We further demonstrate the performance of the proposed method on newly approved drugs which have few (or even no) reports in SRS. The safety related labels for a drug are released by FDA since the drug approval and ADRs are recorded in labeling information for drugs. The labeling information might be revised quarterly by port-marketing surveillance. Here, we report the performance of ADRs detection for two recently approved drugs “liraglutide” and “pazopanib” in Fig. 4. We use MGPS-based method to generate original signals since we obtain the best performance on MGPS. We compute the yearly rankings of the drug to the ADR and the number of drug-ADR cases in SRS. The horizontal axis here represents the cumulative years from 2004 to current year. The rank in vertical axis denotes the percentile of the drug ranking, which can be calculated by after sorting the entire drug list in a descending order.

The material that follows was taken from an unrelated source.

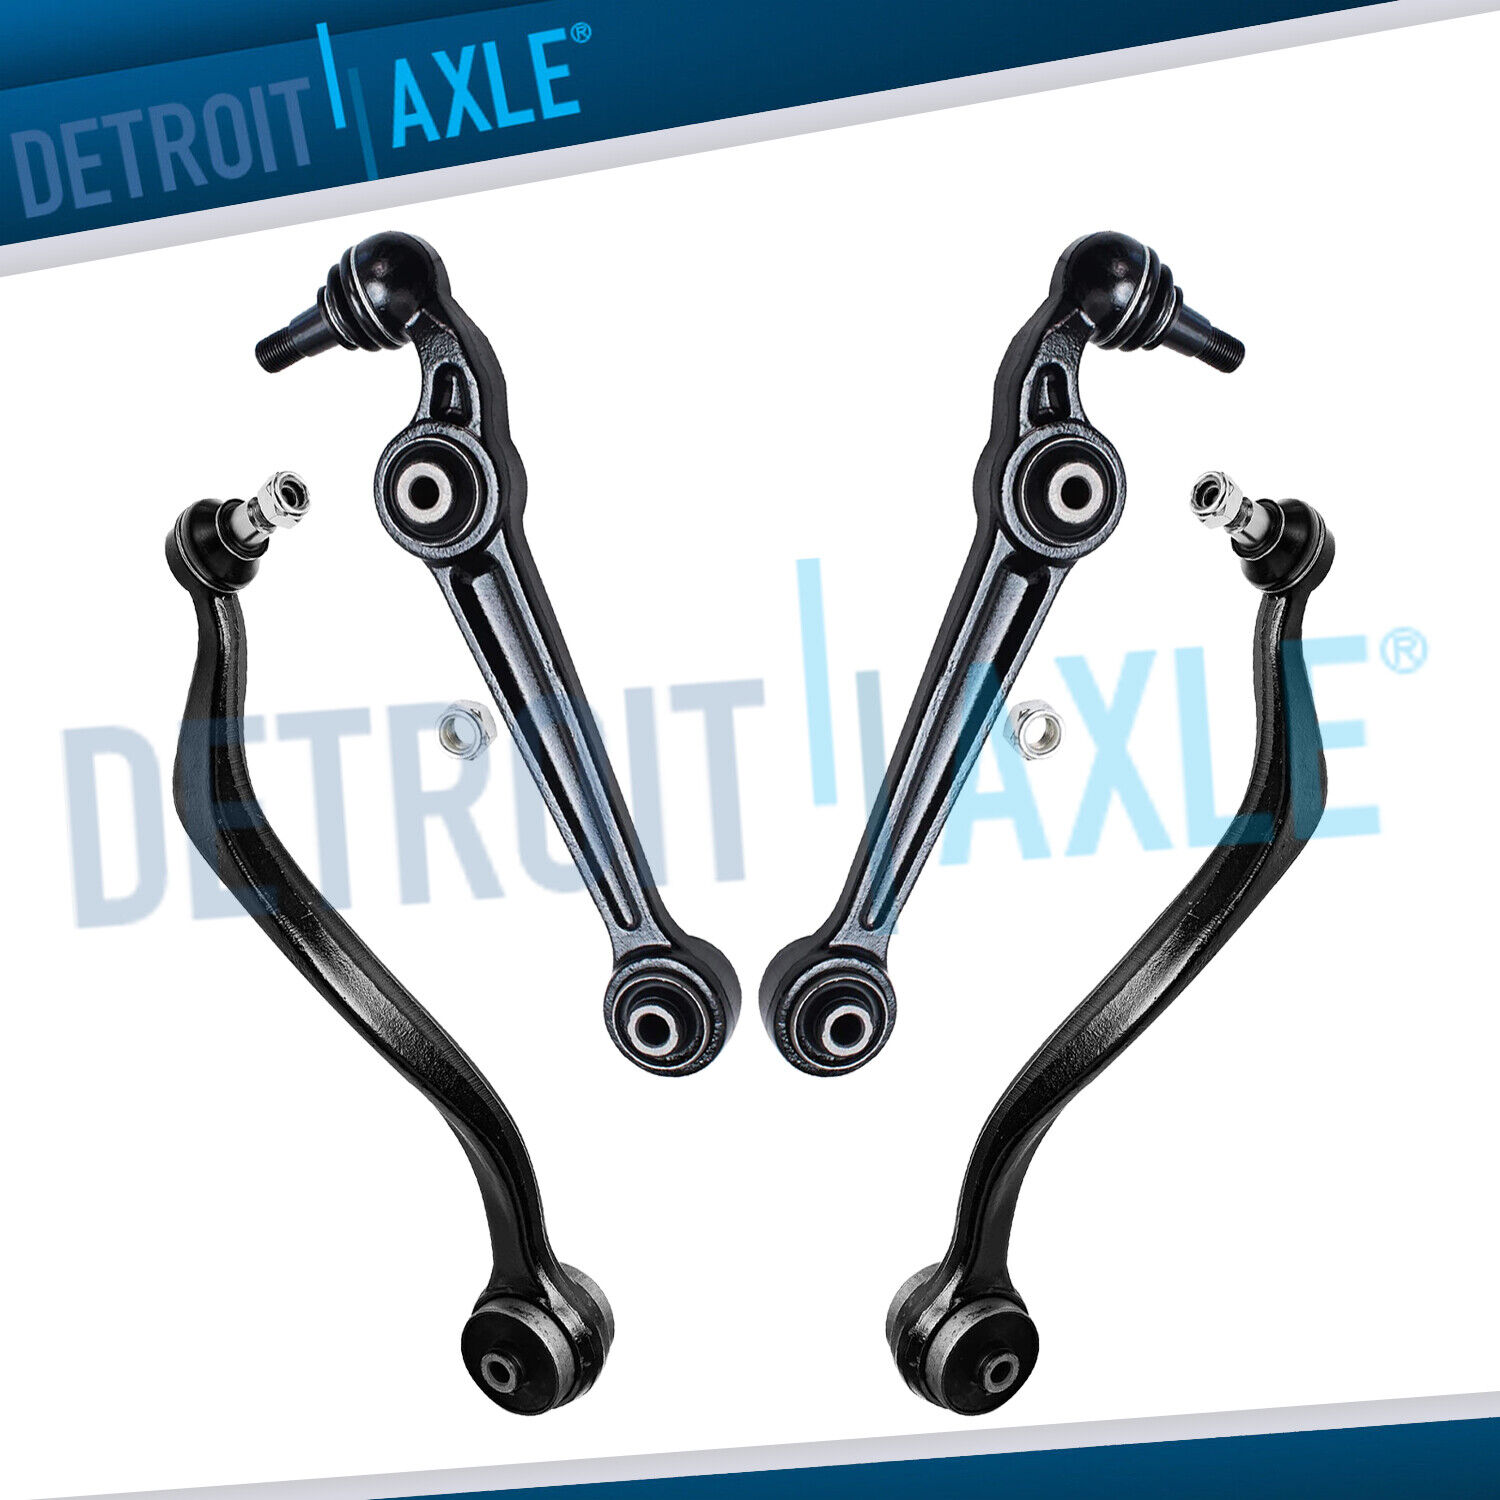 4 Front Lower Control Arms with Ball Joints for 2006 Ford Fusion Zephyr Mazda 6
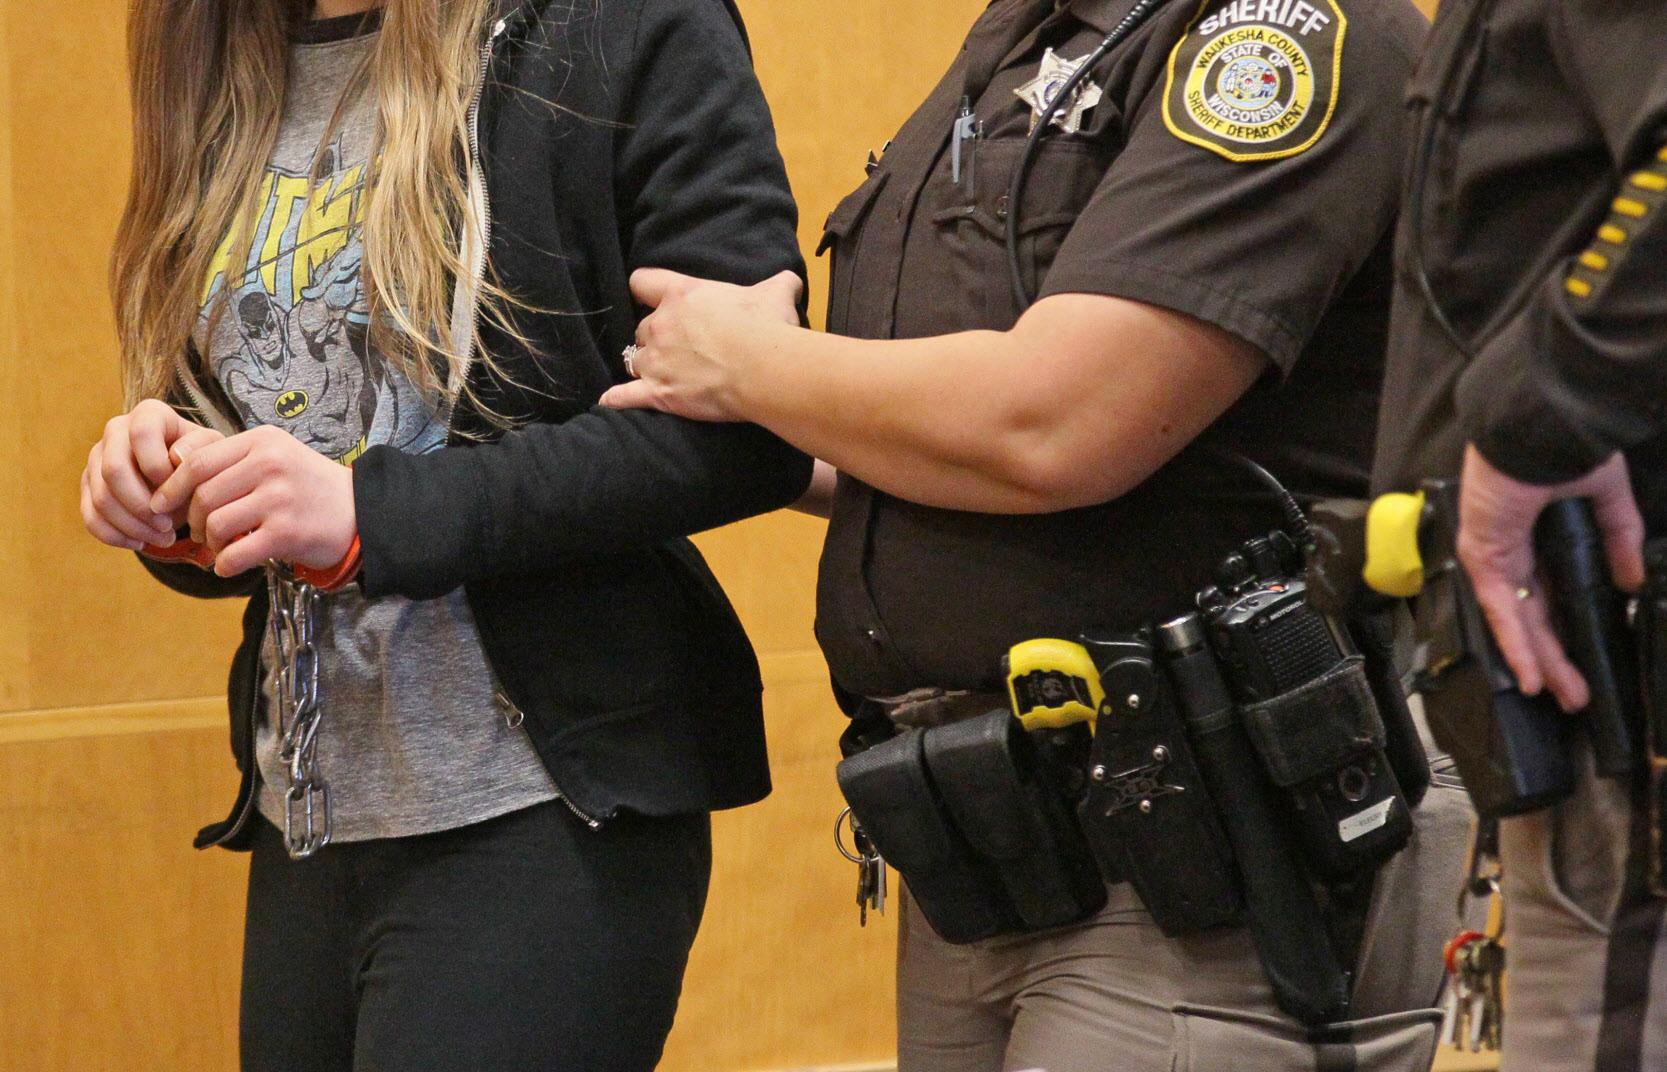 Slender Man Child Stabbers To Be Tried As Adults Washington Times

Liraglutide is a medication used to treat diabetes or obesity [36], and it is approved for medical use in the United States in 2010 [37] and in Europe in 2009 [38]. In 2011, renal failure was updated to the labeling information of liraglutide [39]. According to Fig. 4a, we can find that Liraglutide-Renal failure first showed up in SRS in 2010 and accumulated to 11 cases in 2014. Thus, the baseline which entirely rely on the sufficient cases can only generate signals for this pair after 2010. The ranking of liraglutide gradually increases as more years data accumulated. The proposed method performs better than the baseline after 2010. More importantly, the proposed method is able to generate signals before 2010 and can predict liraglutide to cause renal failure as early as of 2005 by taking the case reports of liraglutide’s similar drugs into the consideration. Therefore, the proposed method can early detect the safety-related labeling changes than the labels revised by FDA.
Pazopanib is a medicine used for treatment of advanced renal cell carcinoma (RCC) and advanced soft tissue sarcoma (STS) [40]. It is approved for medical use in the United States in 2009 [41] and in Europe in 2010 [42]. The impaired wound healing was included in one of syndromes in labeling information of pazopanib in 2014 [43]. For Pazopanib-Impaired wound healing shown in Fig. 4b, it is initially reported by SRS in 2009 and continually accumulated up to 77 cases by 2014. The baseline can not generate signals for Pazopanib-Impaired wound healing without any cases. However, the proposed method is able to identify potential safety signals before 2009 and yearly rankings of the pazopanib confirm that our method can detect the safety signals prior to FDA safety label change.
The above instances confirm that the algorithm is able to detect drug safety signal before the approval, and consistently outperforms the state-of-the-art in early detection and before the drug label change which every pharmacy is trying to avoid.
Conclusions
In this paper, we present a label propagation framework, which integrates drug chemical information with post-market safety reports, to generate enhanced drug safety signals. The drug safety signals are enhanced through the process of label propagation with the drug similarity computed from the chemical information. We compare the performance of our methods with four different state-of-the-art signal detection algorithms (PRR, ROR, MGPS, BCPNN) using safety reports from SRS. The results demonstrate that the proposed methods outperform their corresponding baselines in generating accurate drug safety signals. Extensive experiments show that our methods are able to accurately detect potential ADRs for newly approved drugs with few safety reports, which pave the way for early detection of ADRs.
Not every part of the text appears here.